Unit 3 Essay Questions Flashcards
Research has implicated the important role of sleep in learning and memory, especially the slow wave sleep (SWS) and REM phases. Explain a) how each phase contributes to memory consolidation b) how each phase contributes to neuronal changes that is thought to underlie the behavioral performance on learning/memory tasks (mention a brain region). Make sure to describe a study that showed how one of these sleep phases impacted task performance.
In Stickgold et al., 2001, study of sleep and implicit skill learning task, individuals were presented with either a letter T or L in the periphery, and were asked to identify the letter. This study revealed that overnight interval between training and testing (i.e., one night’s sleep) led to significant improvement on the implicit skill learning task, and this skill improvement remained for many days. In this study, it was also revealed that lots of slow wave sleep (SWS) at the beginning of the night = more learning, and lots of REM sleep at the end of the night = more learning. I.e., SWS at beginning of night and REM at end is most impactful for learning.
To be specific, the direct neuronal role of these two phases in memory consolidation can be explained via the memory engram model and the idea of systems consolidation. According to the memory engram model, during slow wave sleep (SWS), the hippocampus recruits areas of the cortex to help replay recently encoded memories for consolidation purposes. In this situation, there is a recently encoded hippocampal part of a representation AND a recently encoded neocortical part of a representation. Think of this as “training” the cortex to encode memory on its own. This is known as “systems consolidation.”
This model of memory explains the aforementioned task performance findings. That is, we want SWS early in the night so that the hippocampus can “train” the cortex, and we want REM later in the night so that the cortex itself can develop strengthened connections that truly fortify the memory.
As we move into REM sleep, however, after memories are fully consolidated, the hippocampus is no longer involved and memories are just encoded by the cortex. There are new synaptic connections between nodes in the cortex, and connections within nodes are strengthened. Think of this as the cortex (now independent from hippocampus) driving other areas of the cortex to permanentize the memory engram.

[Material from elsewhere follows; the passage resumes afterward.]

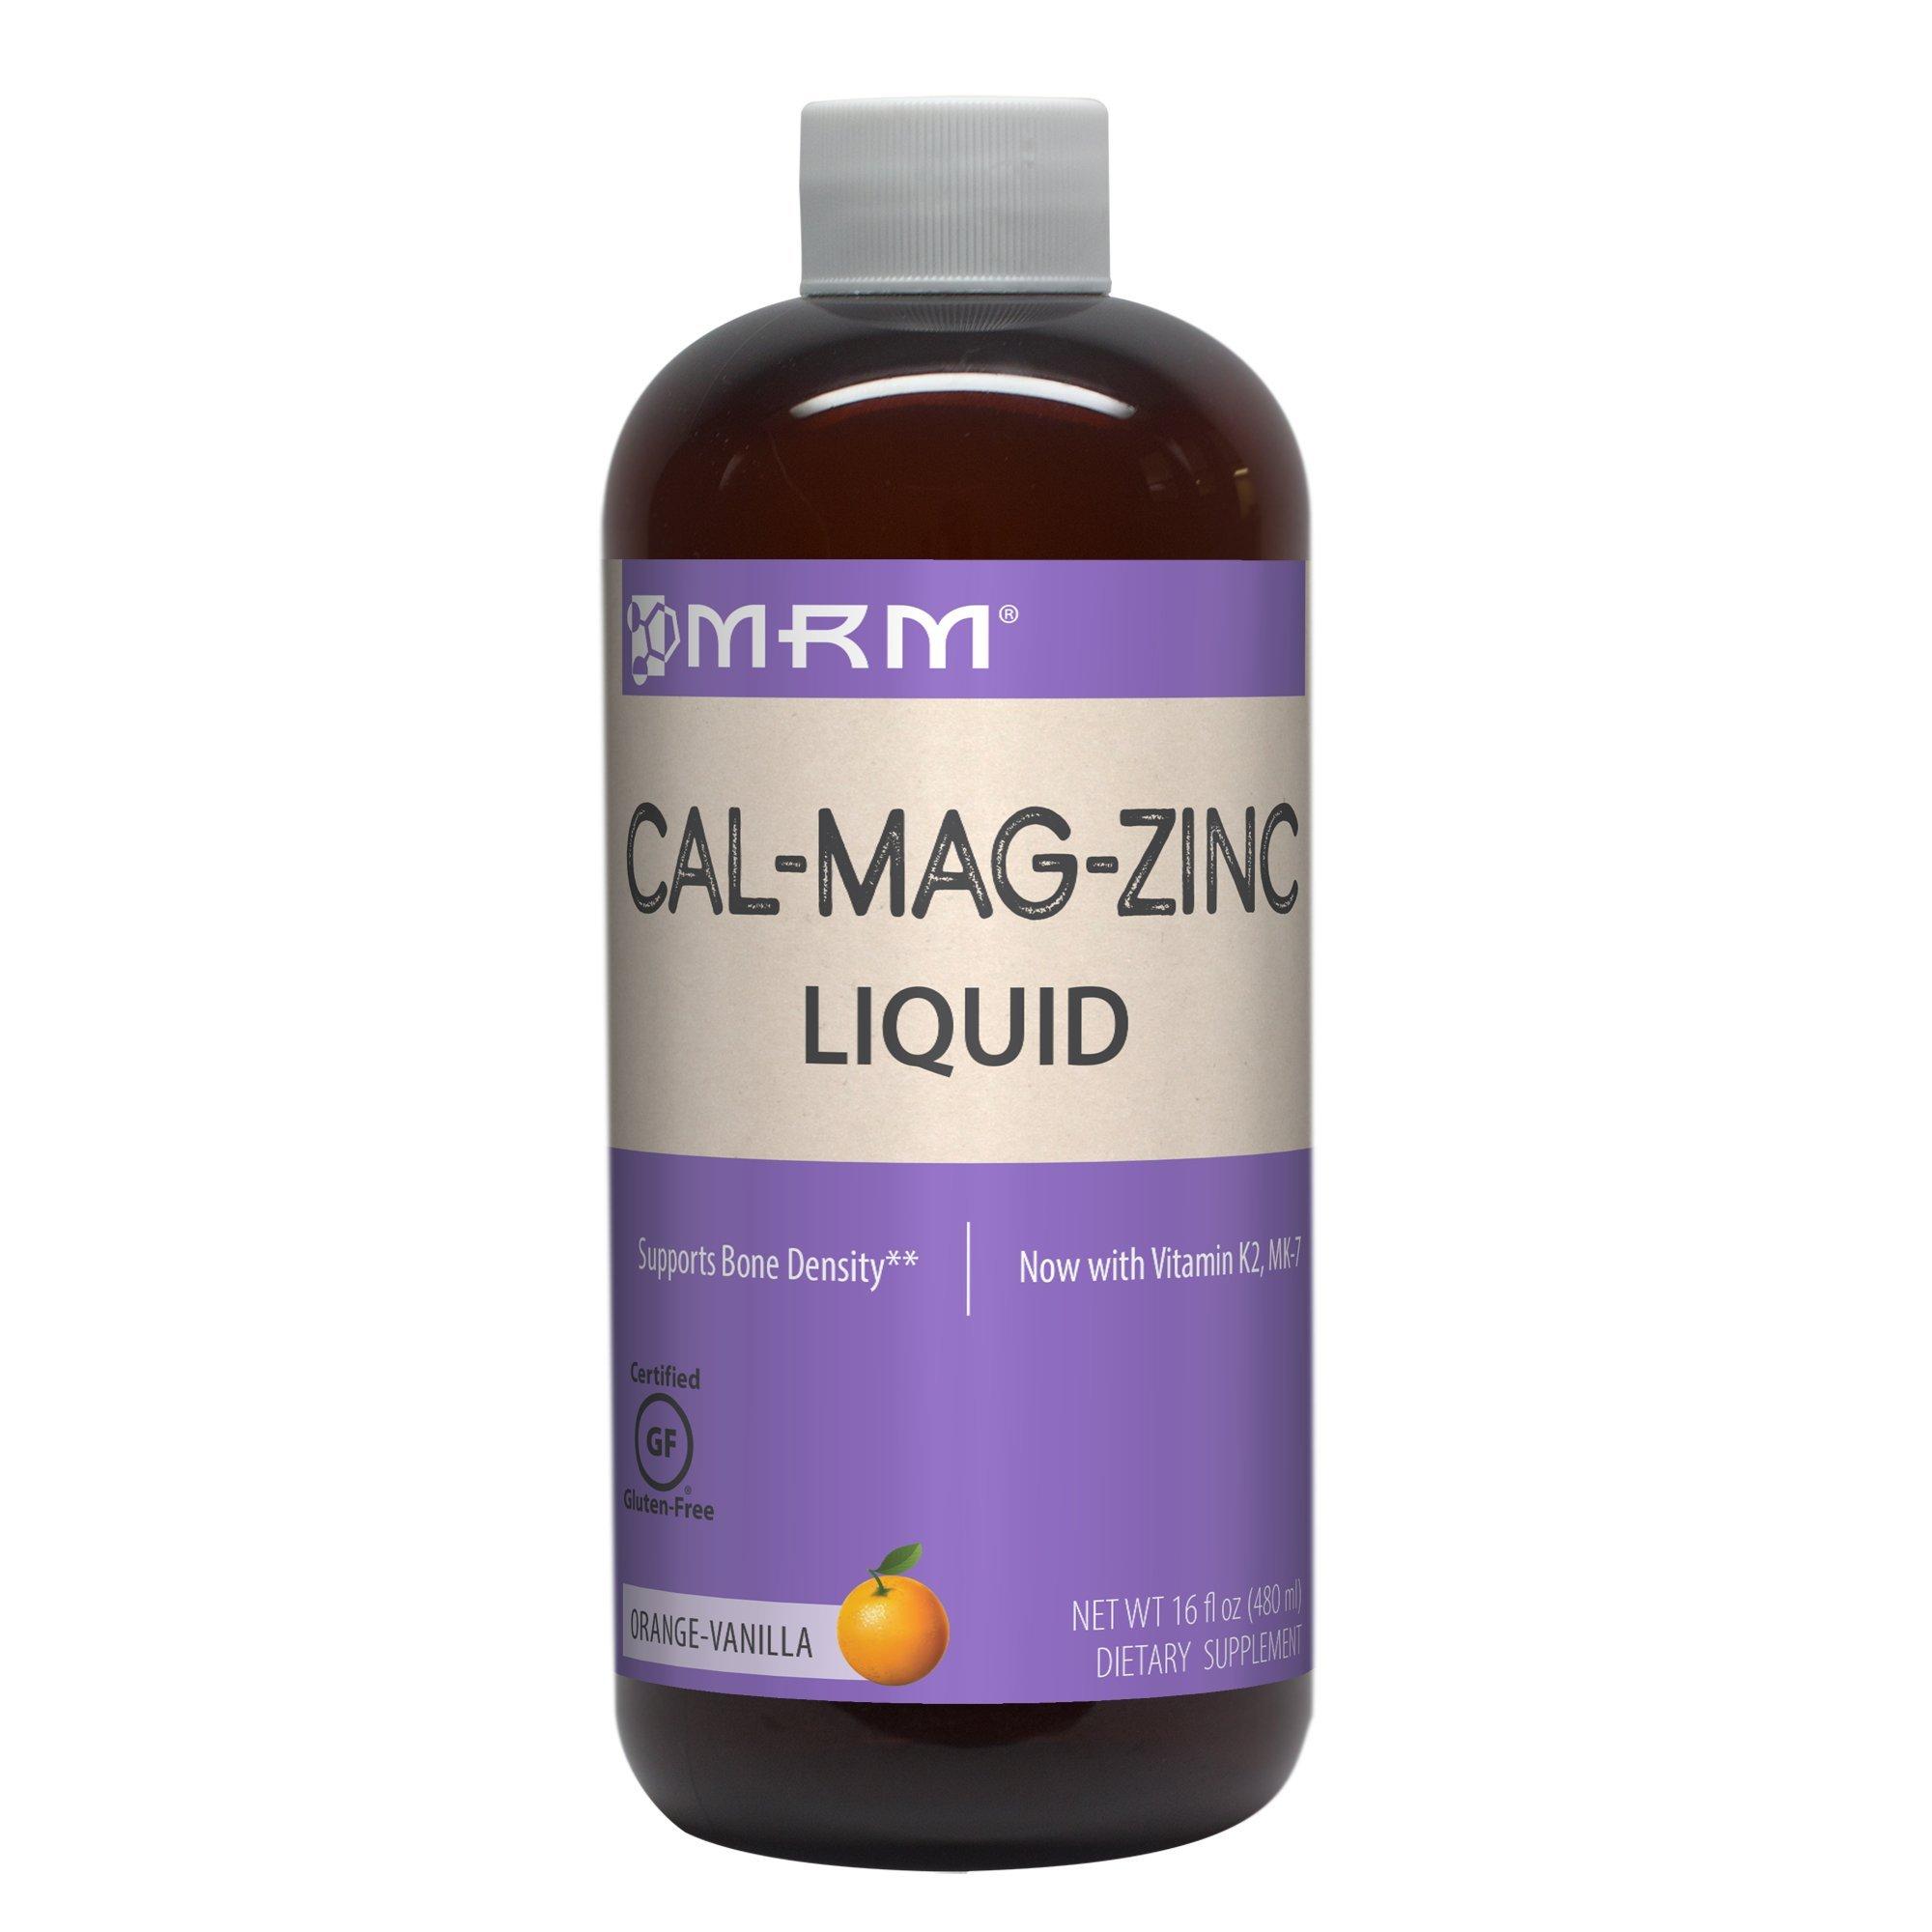 Cal-Mag-Zinc Liquid (Vanilla-Orange Flavor 16oz) Great Tasting!

Describe what we have learned about developmental patterns of sleep cycles and the importance of sleep for learning. Then, argue for the optimal time of day for high school to begin. Make sure to include in your argument the evidence for altered adolescent sleep cycles, and the evidence for the impact of sleep on learning, achievement and motivation.

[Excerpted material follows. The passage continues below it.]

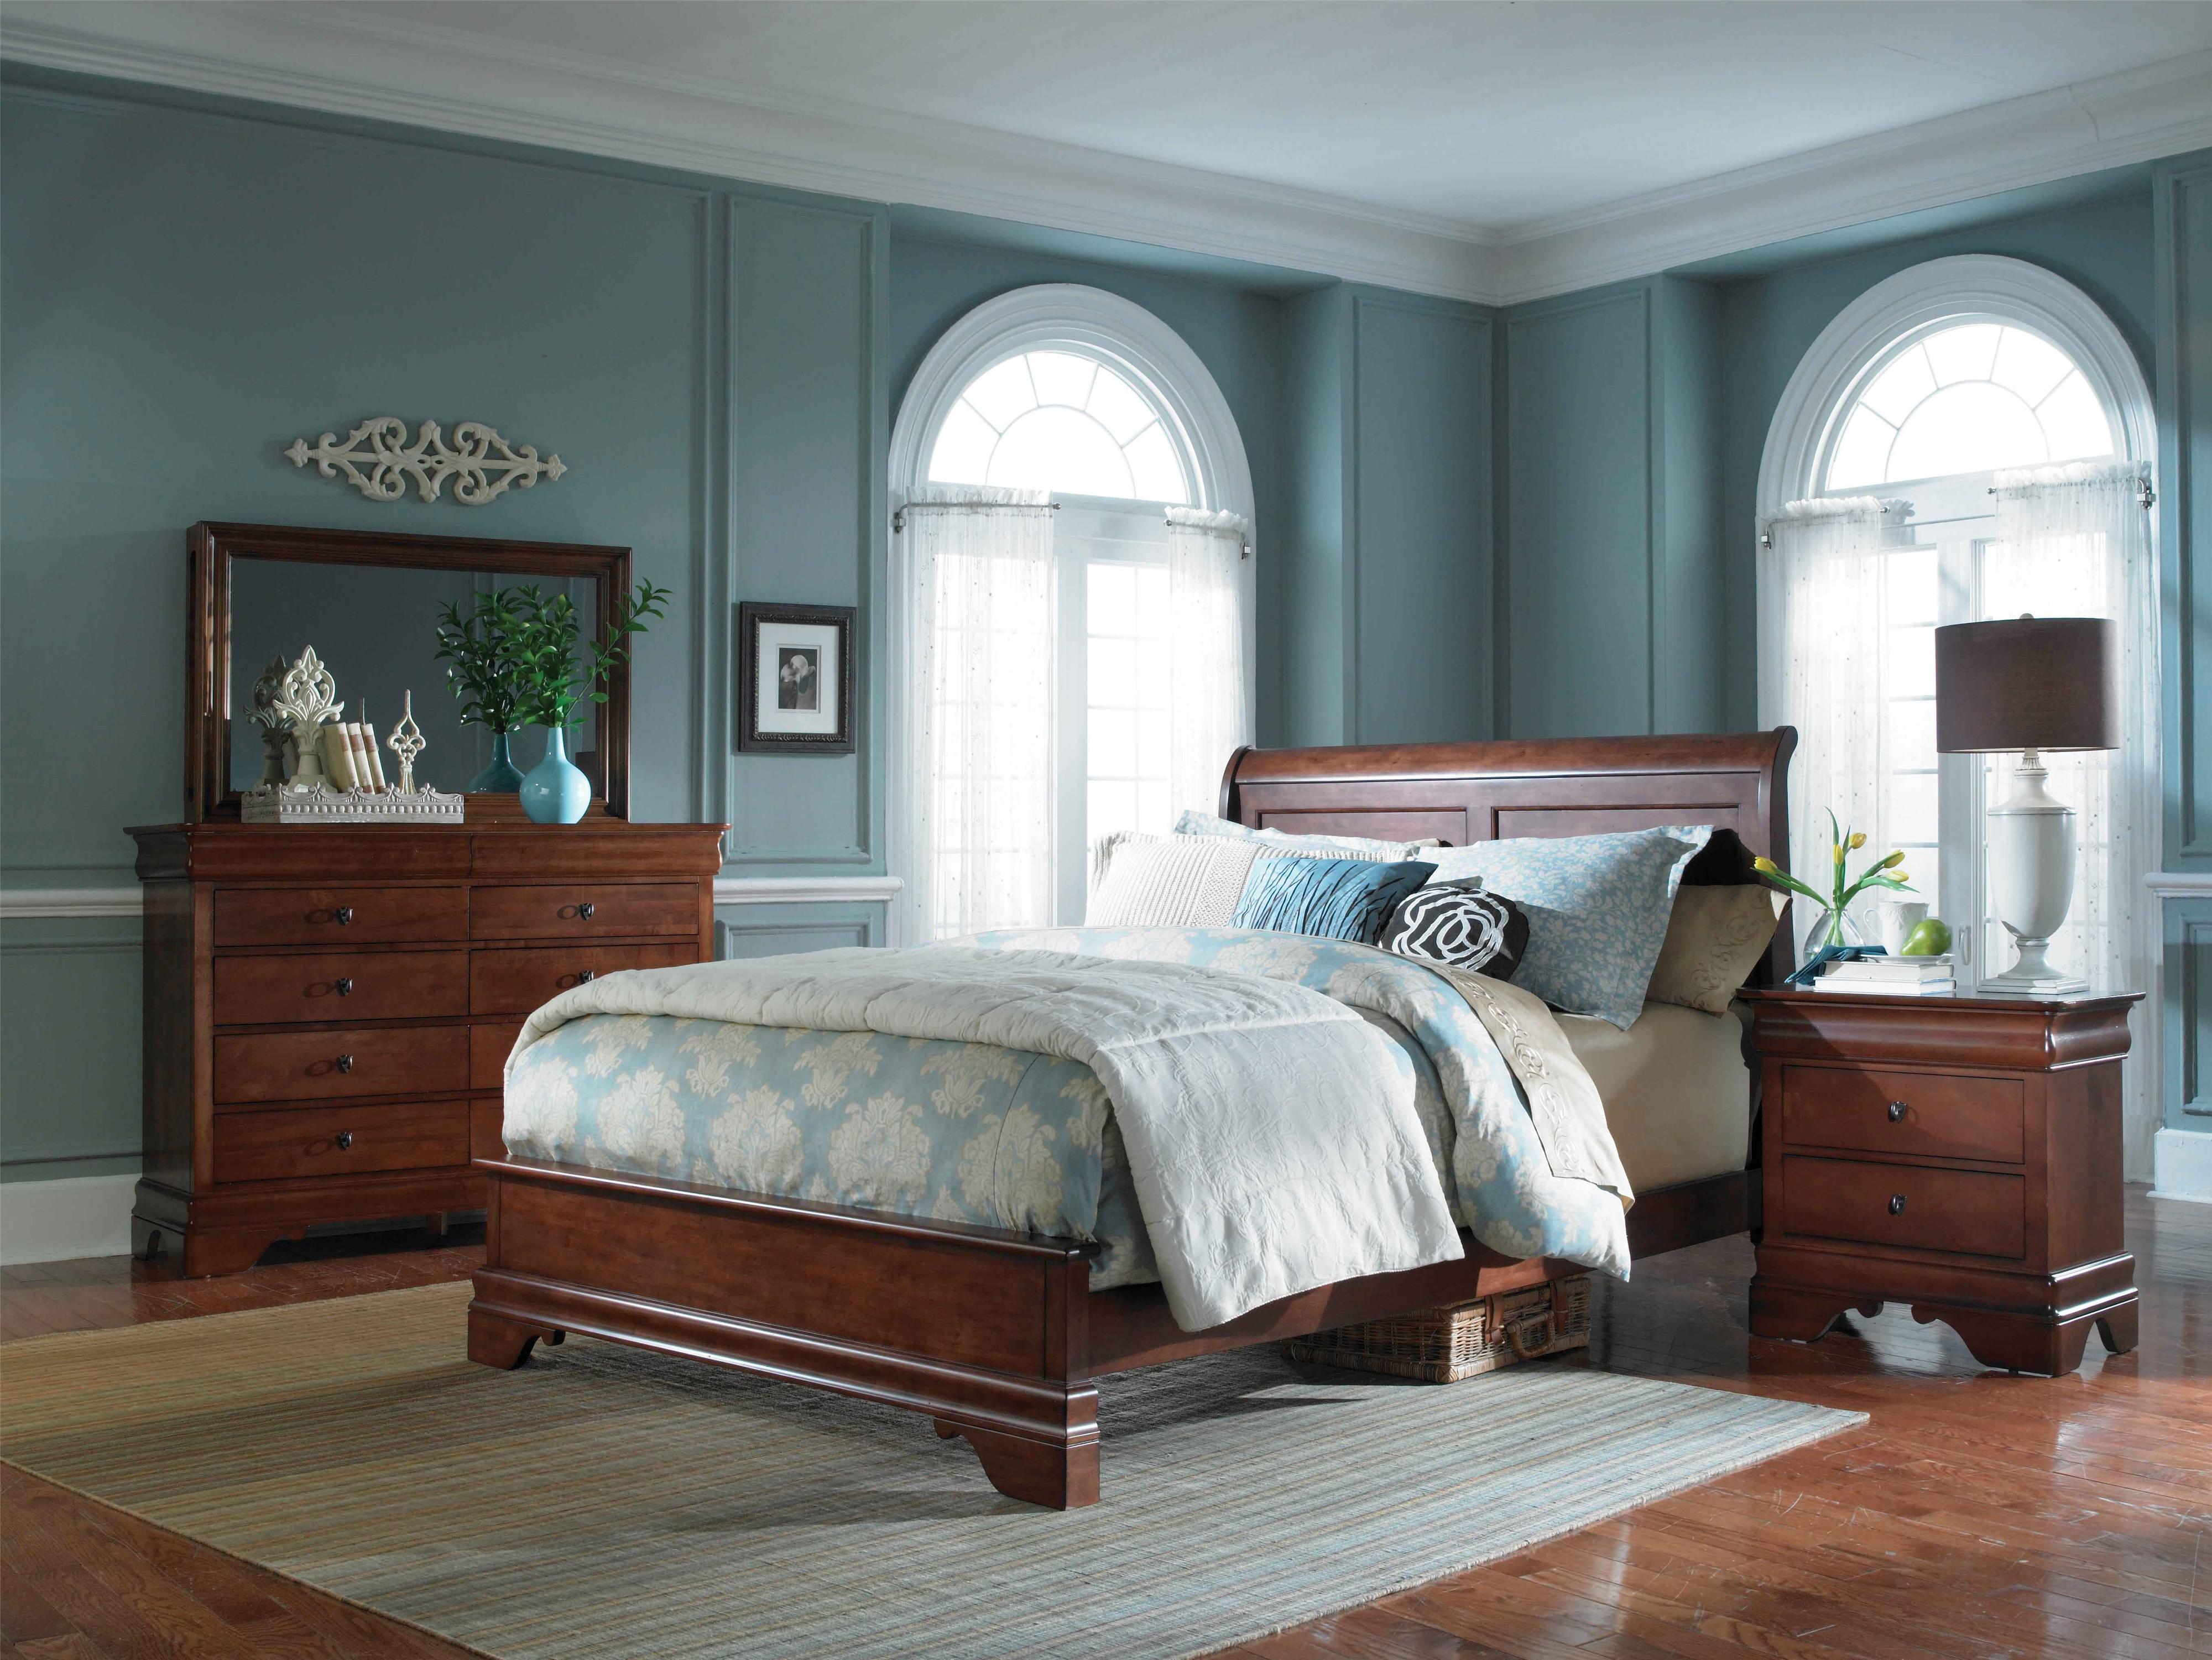 Rice Bedroom Set - Home Design Ideas

Mednick, 2013, analyzed how much sleep we really need, exhibiting the idea that sleep patterns change greatly as we age, with younger individuals tending to need more sleep. This includes an obvious sleep phase shift in teens (elaborated on more below). Further studies implicate the importance of sleep in learning, showing that memory is actively consolidated in the night, with the hippocampus “training” cortical areas in the SWS stage (active system consolidation), and synaptic consolidation occuring between cortical areas during REM sleep.

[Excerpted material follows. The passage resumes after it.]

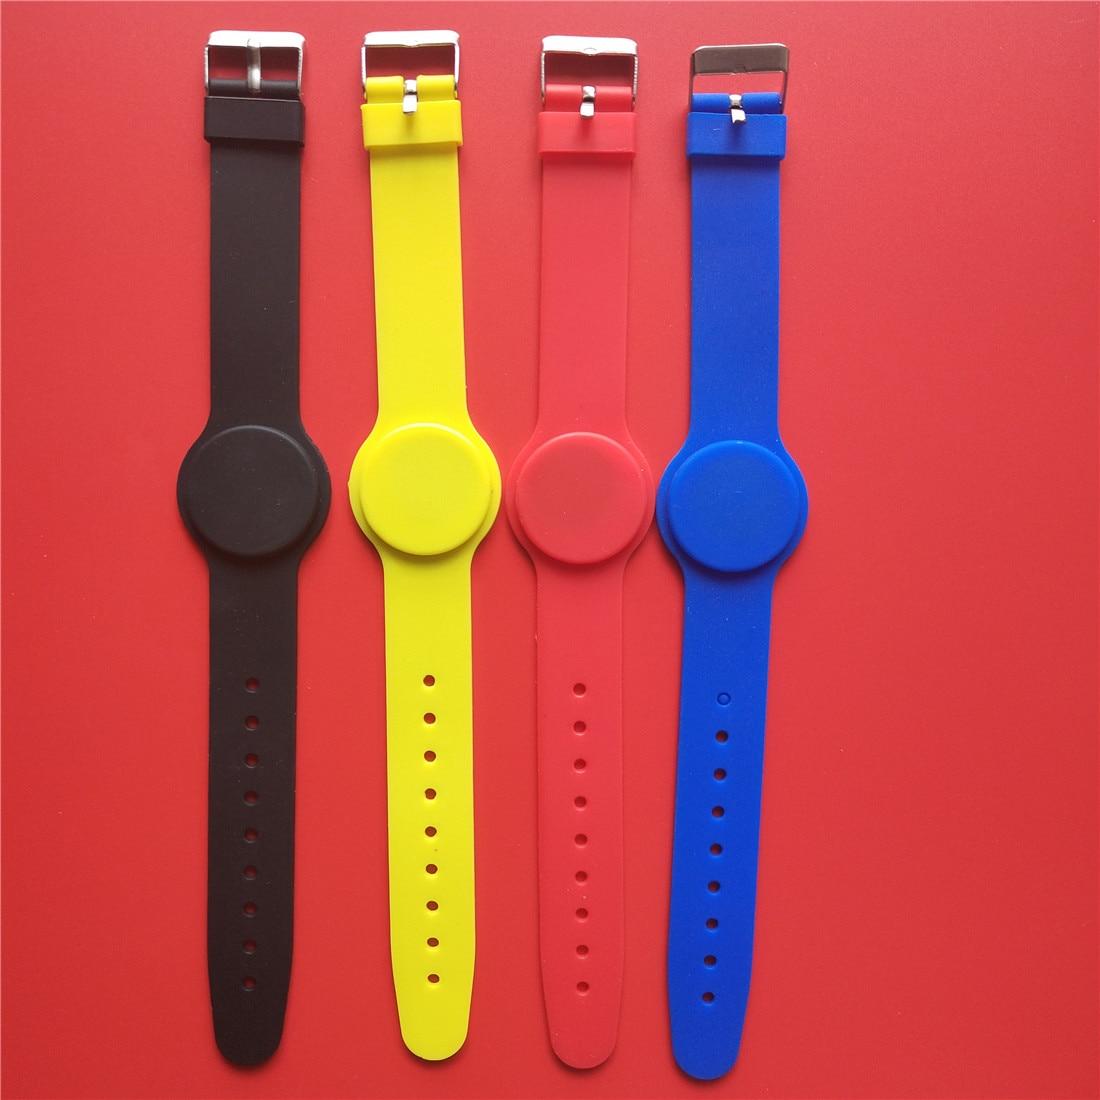 Waterproof 13.56MH RFID Wristband FM1108 IC Silicone Proximity Smart Bracelet - 10pcs

Based on what we have learned about developmental patterns of sleep cycles and the importance of sleep for learning, I argue that high school should be moved back at least one (1) hour, which equates to at least 8:30 AM at most schools.
Perkinson-Gloor et al., 2013, analyzed the effect of later Switzerland school start times on academic achievement, daytime tiredness, behavioral persistence, and attitude toward life. It was found that school starting an hour later, meaning 1+ extra hour of sleep for students, improved metrics in both Math and German, as well as correlated to decreased daytime tiredness, increased behavioral persistence, and increased positive attitudes toward life. That said, even just one extra hour of sleep possesses the ability to completely revamp the life trajectory of these developing students, enhancing motivation and improving grades.
This should come as no surprise, as adolescents have a biologically distinct sleep cycle. Specifically, a multitude of studies have demonstrated a sleep-phase delay among this demographic, corresponding to a 1-3 hour shift in sleep-wake cycle. It is a common myth that teens are just “lazy” and that this phenomenon is controllable, but Hagenauer et al., 2009, demonstrates that sleep delay shortly after puberty begins in at least 6 mammalian species, giving merit to the idea that this sleep delay is biological.
Therefore, moving start times back supports the very biological basis of high school students. This fact, paired with the aforementioned discussion of the effects of sleep on learning, achievement, and motivation, paves the way for the deployment of at least 1 hour delays (meaning ~8:30 AM) to current school start times.
What is the relationship between socio-economic status (SES) and cognitive function, what types of cognitive function correlate with SES (make sure to describe the behavioral task in question)? Describe the neuroscientific evidence from one study that supports the idea of a functional difference in the brain in low vs high SES children, making sure to describe the task, the scientific methods, and what was found.
Socio-economic status has a profound relationship with several prominent brain regions, as demonstrated by the Noble, McCandliss, and Farah, 2007 behavioral battery. In this study, researchers investigated the effects of SES on 6 broad anatomical/cognitive domains among 150 1st graders. These regions include the left perisylvian/language system (tested using the PPVT and CTOPP blending words tasks), parietal/spatial cognition system (tested using NEPSY arrows and mental rotation), lateral prefrontal/working memory system (tested using spatial working memory task and delayed non-match to sample), medial temporal/declarative memory system (tested using NEPSY delayed memory for faces and incidental picture pair learning), anterior cingulate/cognitive control system (tested using go/no-go task and NEPSY auditory attention set), and the orbitofrontal/reward processing system (tested using reversal learning and delayed gratification). It was ultimately discovered that there is a correlation between SES and each of these domains EXCEPT for orbitofrontal/reward processing. Moreover, language skills mediated SES effects on cognitive conflict, and supportive school and home environments offset the effects of low maternal education and low family income, respectively.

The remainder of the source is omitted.